Unvergesslich wird mir das Gefühl der Sorge um nahestehende Menschen bleiben, die während des Lockdown alleine zurecht kommen mussten, allen voran um meine Mutter. Mit 86 Jahren lebt sie in ihrem Haus zwei Autostunden entfernt. Wie würde sie die Kontaktsperre, das Social Distancing, aushalten? Der tägliche kleine Einkauf wird zwar materiell durch die Nachbarschaft erledigt. Aus bleiben aber die Gespräche an Theke und Kasse. Aus bleiben die vielen Zufallsbegegnungen des Alltags: kein Therapiebesuch, kein Haarschnitt, kaum ein Spaziergang, kein Friedhofsbesuch, kein Kirchgang.
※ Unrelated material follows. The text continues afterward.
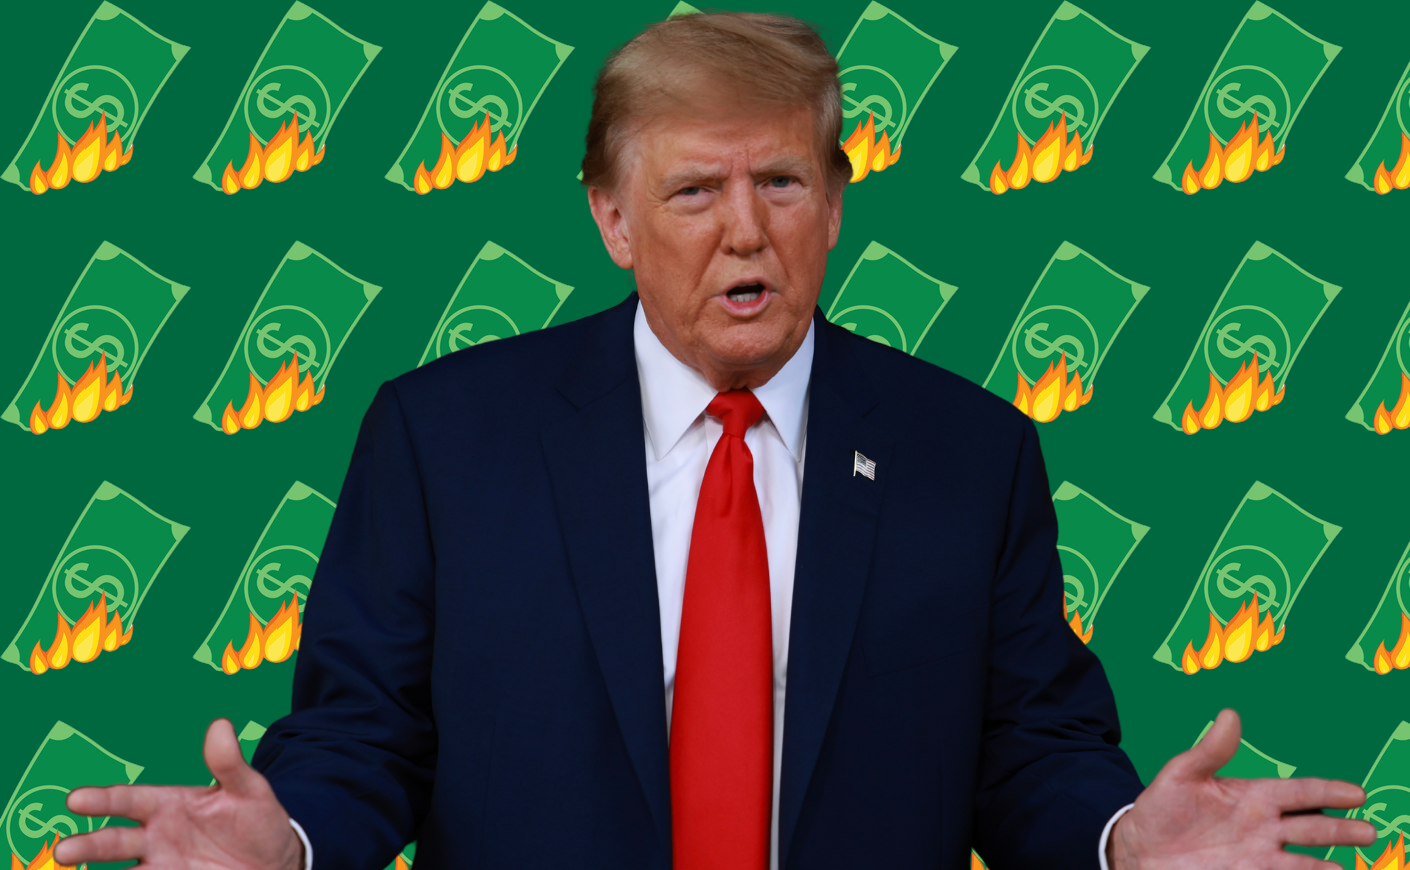 Donald Trump in front of illustrations of burning money

Wir, ihre Söhne, tun als erstes das, was uns Gesellschaft und Beruf vorleben: digitalisieren. Whatsapp und Skype werden eingerichtet und lange erklärt; nur teilweise mit Erfolg. Der 87. Geburtstag findet unter Einhaltung größtmöglicher Distanz im Garten statt, alle Enkelkinder werden auf Abstand eingeschworen. Natürlich wird täglich telefoniert und der an Ereignissen sehr spärliche Alltag nach Abwechslung abgefragt: Was kochst Du Dir heute, ist das Wetter auch so schön?
Irgendwann merke ich: Nicht sie braucht mich, sondern ich sie. Nicht sie braucht meine Abwechslung und Fürsorge, sondern ich ihre Beständigkeit und Ruhe. Nicht ich habe in meinem Leben gelernt, mit schweren Krisen umzugehen. Sie aber sehr wohl. Jahrgang 1933, als 12-jährige Krieg und Vertreibung erleben müssen, viel Leid und Elend gesehen, früh ihre Mutter verloren und allzu jung Verantwortung für ihre Geschwister übernehmen müssen. Völliger und mittelloser Neuanfang in der Fremde. Dann ihr erstes Kind verloren. Immer wieder aufstehen, sich nicht hängen lassen, Lebensmut schöpfen, für andere da sein.
Als der Mai wieder die ersten richtigen Besuche ermöglicht, erlebe ich meine Mutter gottlob gesund aber auch gefasst, mit gelassener Ernsthaftigkeit und großer hygienischer Sorgfalt. Täglich notiert sie noch heute die Zahl der Neuinfektionen ihrer Stadt in einer selbstgefertigten Tabelle. Sie legt größtmögliche Sorgfalt in Händewaschen und in das Anlegen des Mund-Nasenschutzes, letzteres ein kompliziertes Entwirren von Bändern und Hörgeräten. Vor allem riskiert sie kein Ansteckungsrisiko, auch während der Lockerungen.
Einmal sagt sie: „Ach, um meinetwillen ist es gar nicht. Wir müssen nur alle mithelfen, damit wir auch diese Krise schaffen.“
Dr. Wolfgang Foit
Geschäftsführer des Kath. Bildungswerk Miesbach e.V.